While you’ll certainly get the best audio performance via Chromecast over Wi-Fi, you do have the option of Bluetooth streaming. Just take note that Bluetooth will work only after the studio system has been set up with the Google Home app.
I should note that the Studio Slim doesn’t support streaming ecosystems beyond Chromecast. Definitive Technology’s parent company is Sound United, which also owns Denon, Marantz, and Classé, among other major audio brands. My main home theater is centered around Denon’s exceptional X8500H receiver, which features HEOS and AirPlay, so I was disaapointed to discover that I couldn’t integrate the Studio Slim into my HEOS.
Performance far beyond its footprint
I set up the Studio Slim in my family room, where it took the place of another far larger soundbar without a subwoofer. I used Tidal streamed via Chromecast for music, and my entertainment sources were cable TV and an AppleTV 4K. I used a Toslink optical to provide audio from my TV to the Studio Slim.
I learned immediately that I shouldn’t judge the Studio Slim’s performance by its footprint. This baby performs well beyond its size. I was immediately taken by the Studio Slim’s presence and dynamics. In fact, the initial notes I wrote were, “punchy and dynamic.” This slimline soundbar system delivered beautifully clean and clear dialog no matter what the source material—including lots of cable TV content. Movies, game shows, news programming, you name it, there wasn’t anything that this speaker didn’t ace.

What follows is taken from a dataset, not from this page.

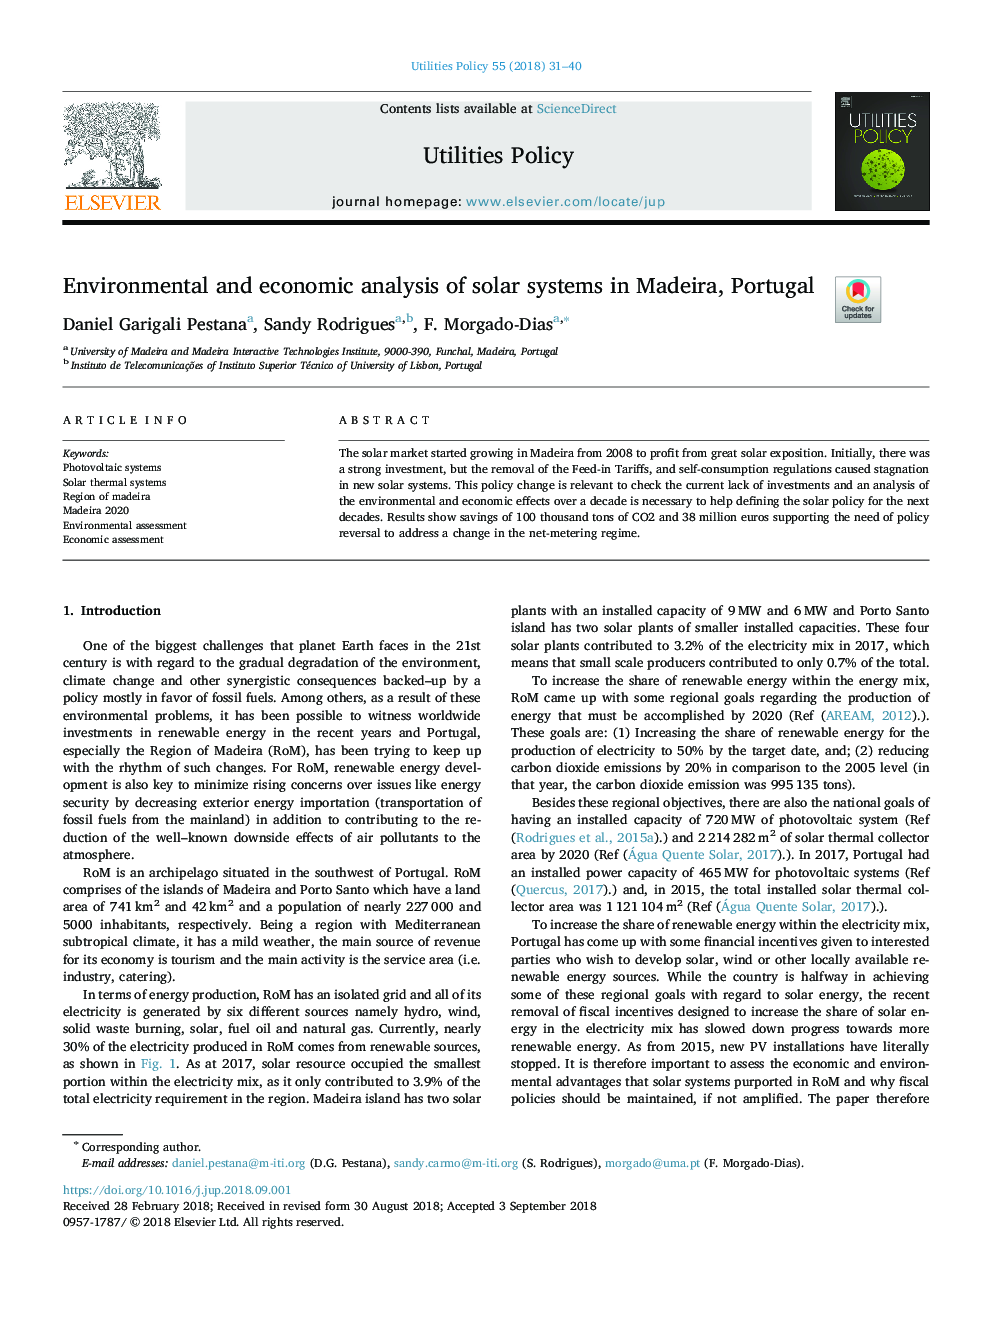 Environmental and economic analysis of solar systems in Madeira, Portugal

The Studio Slim did an outstanding job rendering a deep and large soundstage during the opening scenes of the 24 Hours of Le Mans on Ford Vs. Ferrari. No way was I expecting this soundbar to dig in deep with such superb dynamics. As with all soundbar-and-subwoofer combinations, there’s a clear boost in the upper bass that aids the system with its chest-pounding delivery. Manufacturers perform this trick as it gives the illusiion of deep bass. When I played material with legitimately deep bass notes, however, Definitive’s setup just couldn’t deliver. Physics is still physics, after all.

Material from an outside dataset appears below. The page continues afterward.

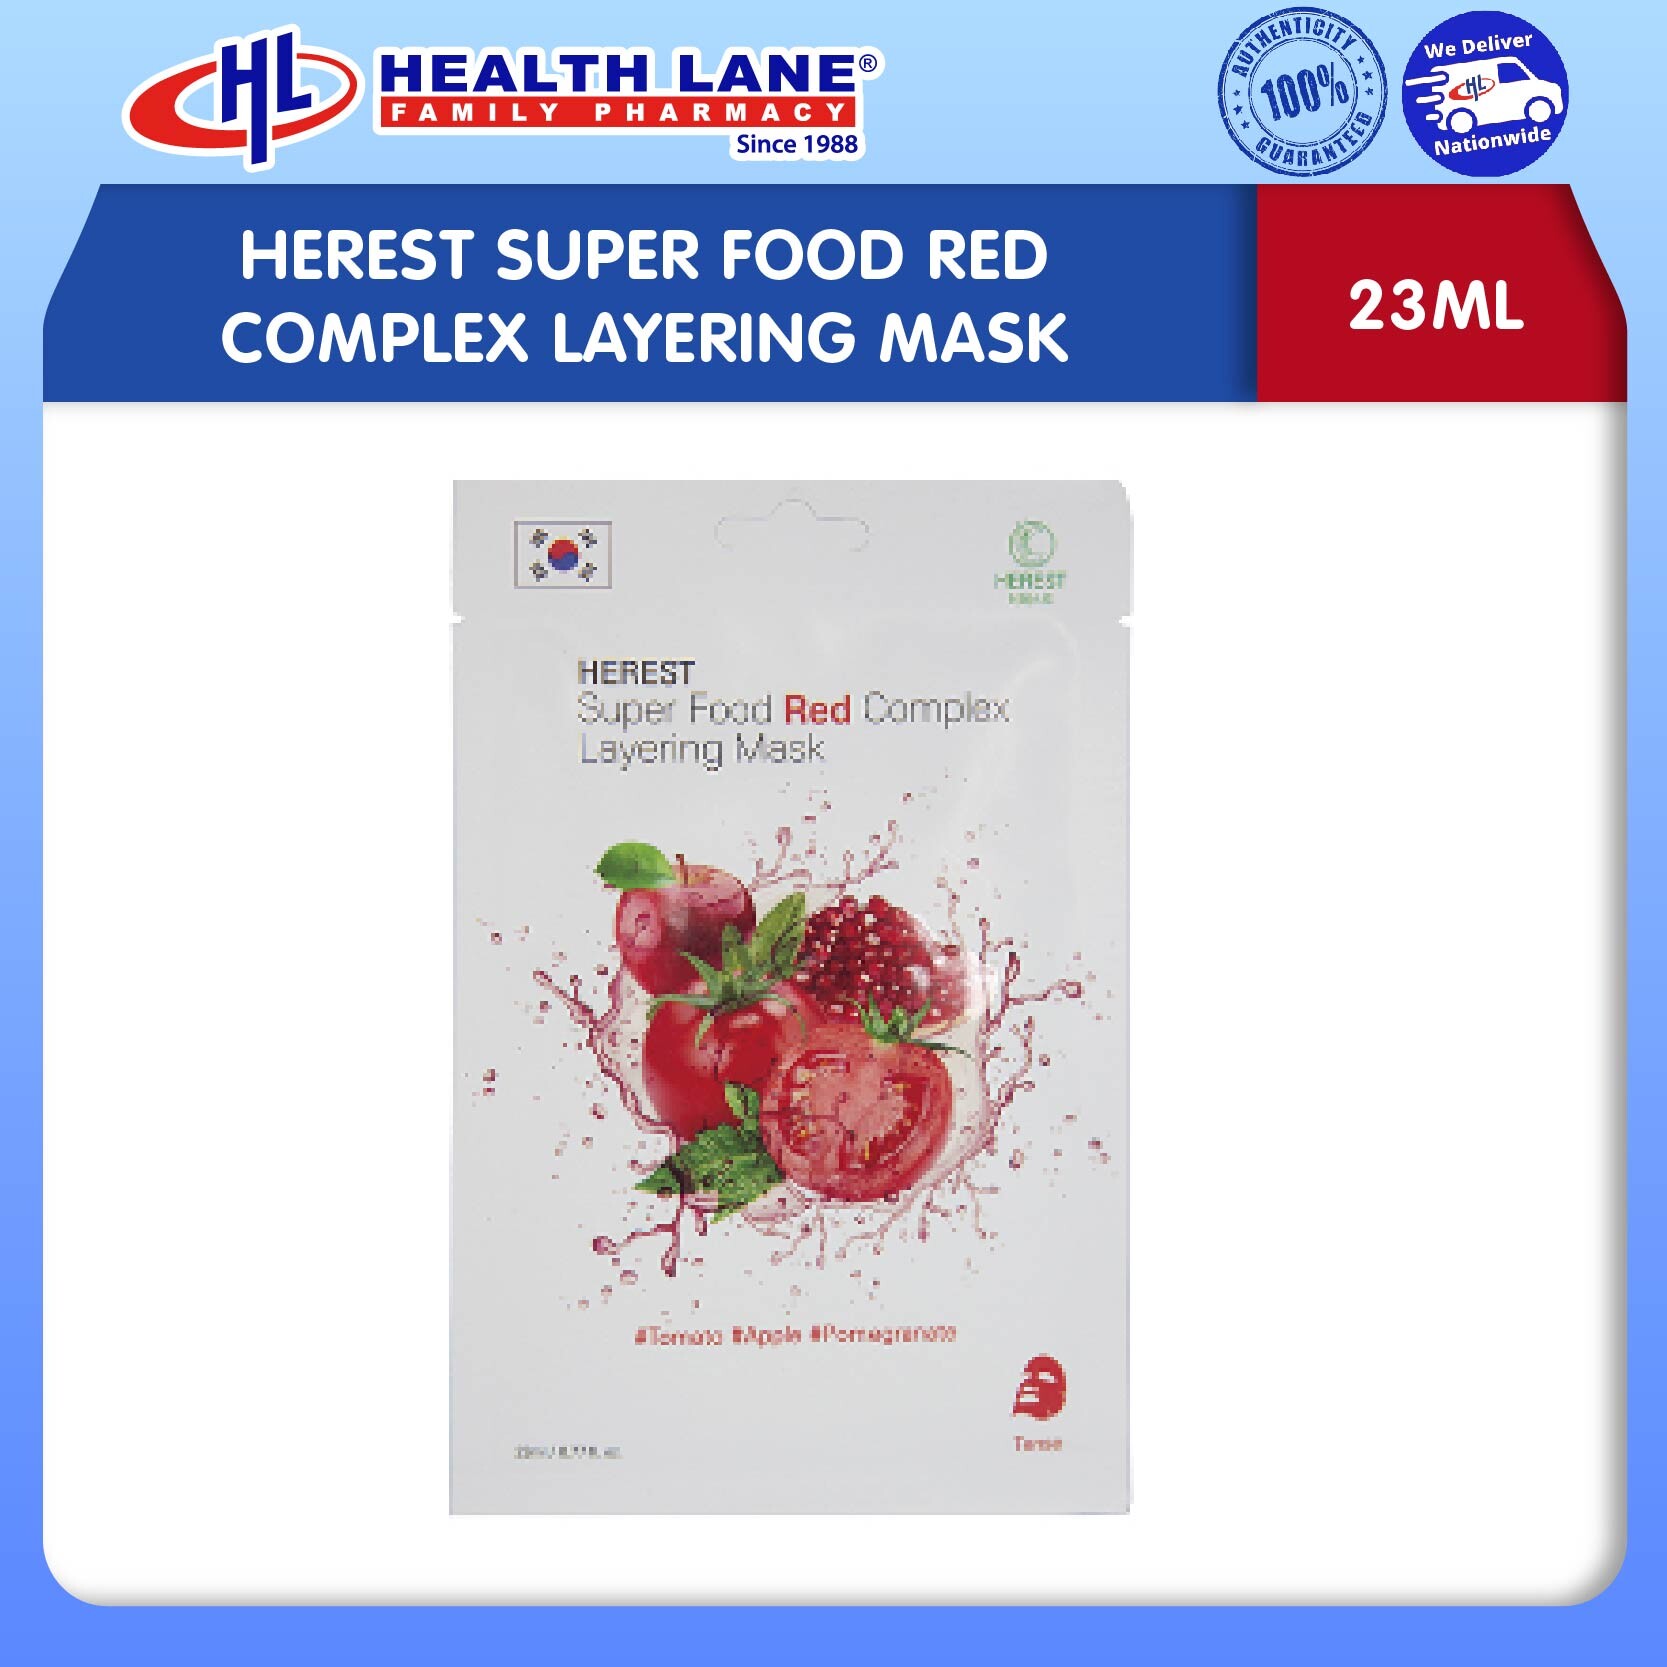 HEREST SUPER FOOD RED COMPLEX LAYERING MASK (23ML)

On the flip side, the Studio Slim has a tendency to sound thin when it’s in Movie DSP mode. If that bothers you, switch to the Music DSP mode to get a warmer and more neutral presentation.
But if you have any doubts about this soundbar’s aptitude for peak performance, drop in Tron Legacy and fast foward to the scene were Flynn drops into the Grid as the Recognizer bursts onto the scene. Yes, the eight-inch subwoofer isn’t anywhere near capable of delivering the authoritative, subterranean bass contained in the scene, but it certainly performed well within the frequency range it could deliver.
The included remote allowed me to increase the center channel volume, noticeably lifting dialog if I needed it. This made speech more pronounced and separated from the rest of the soundtrack, but the inevitable drawback is that it threw the overall audio balance off kilter. So, the option is there, but you might not need it. I played the speaker for someone with a hearing impairment and who requires hearing aids, and he said he had no problem whatsoever understanding dialog with the Studio Slim at its default setting.
Definitive Technology’s Studio Slim soundbar is a niche product designed specifically for those who want a soundbar with a small footprint, but who don’t want to sacrifice premium audio performance to get it.
And with built-in Chromecast and Google Assistant support, you’ll be able to integrate the Studio Slim into a whole-home entertainment solution with Google-friendly speakers in other rooms all over your house. It’s a great solution.